● Action item: Write out each line of the material exactly as given, and drop the images.

● Information supplied:
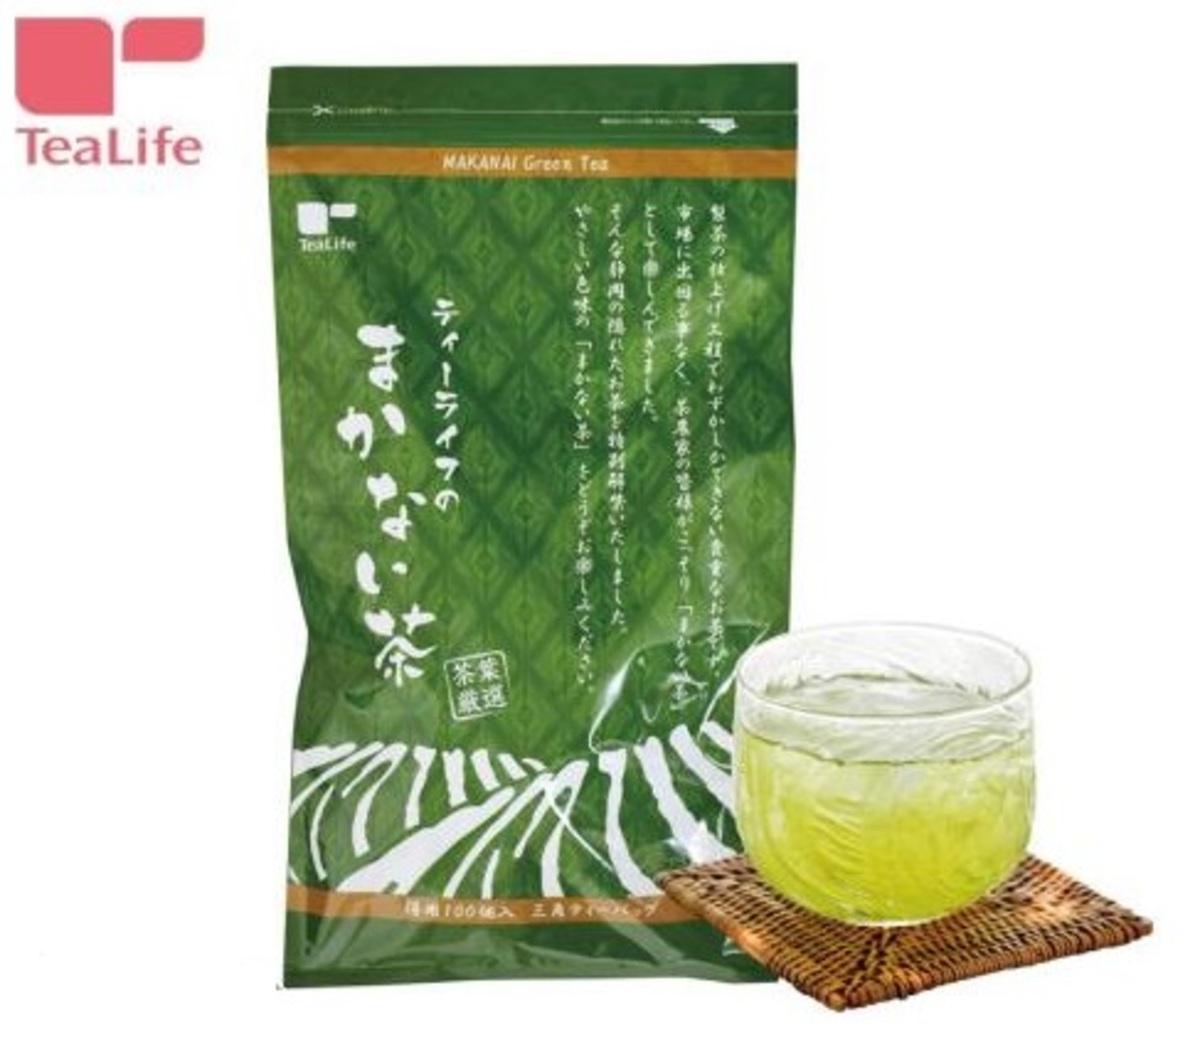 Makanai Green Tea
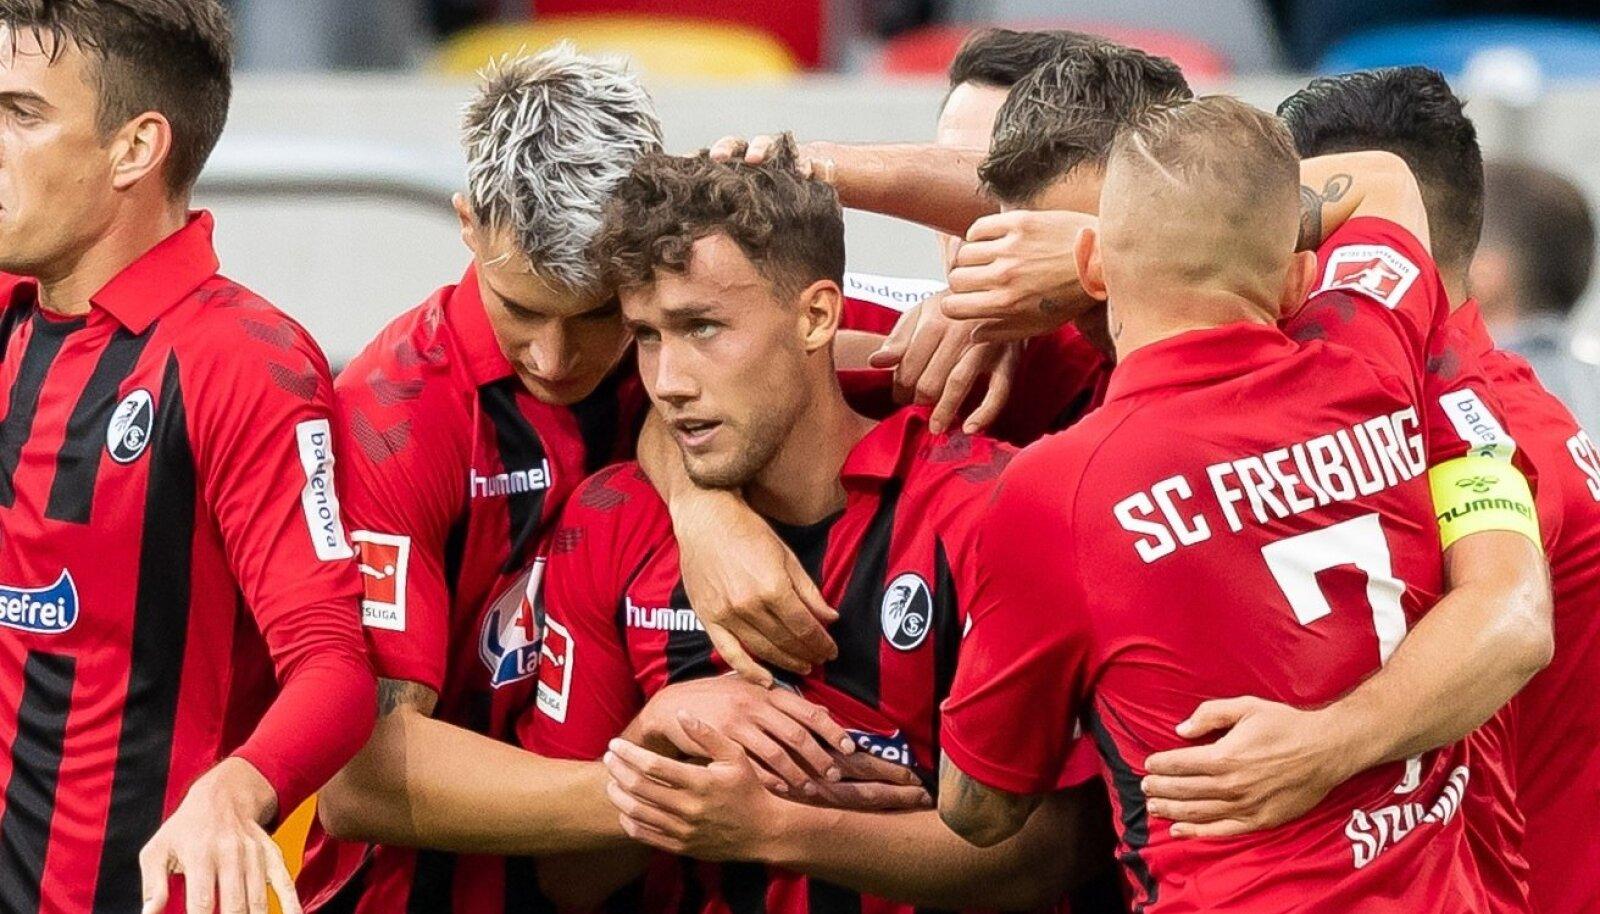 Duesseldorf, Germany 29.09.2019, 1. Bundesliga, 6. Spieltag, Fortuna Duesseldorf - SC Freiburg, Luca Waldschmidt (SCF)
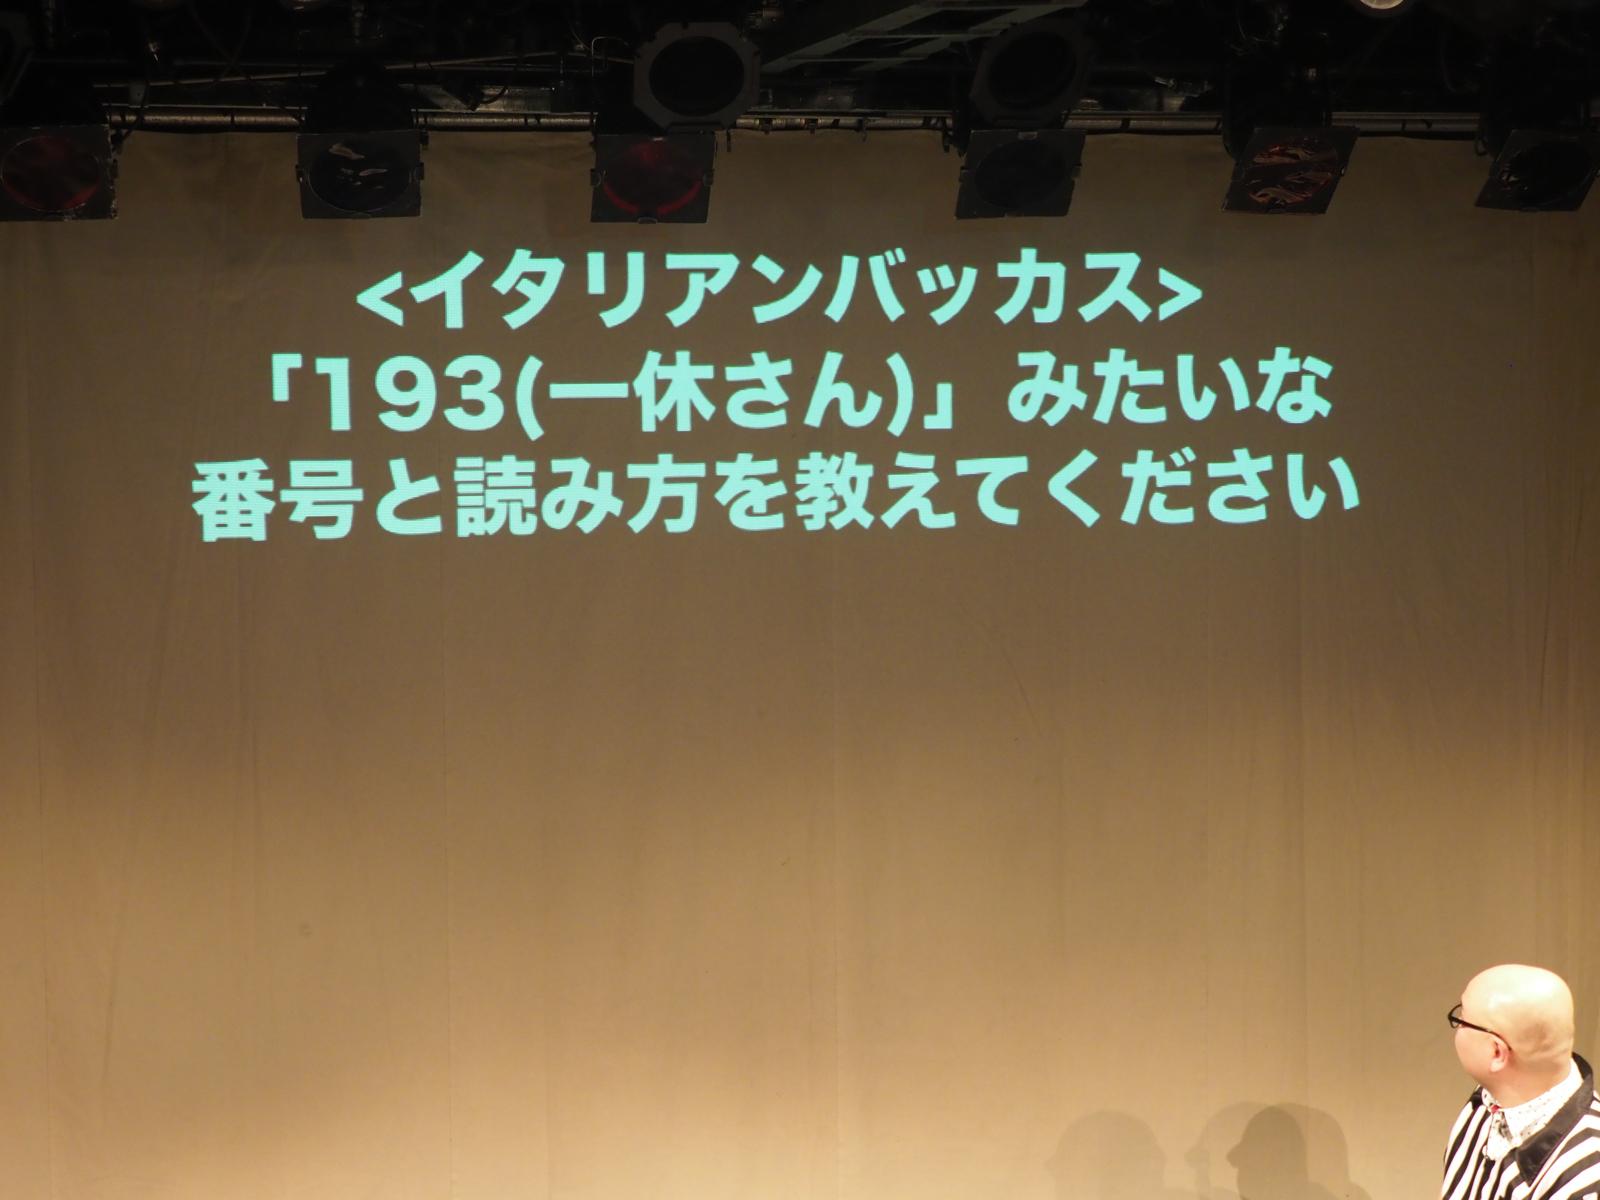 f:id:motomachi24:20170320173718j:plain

● Answer below:
 Makanai Green Tea
 Duesseldorf, Germany 29.09.2019, 1. Bundesliga, 6. Spieltag, Fortuna Duesseldorf - SC Freiburg, Luca Waldschmidt (SCF)
 f:id:motomachi24:20170320173718j:plain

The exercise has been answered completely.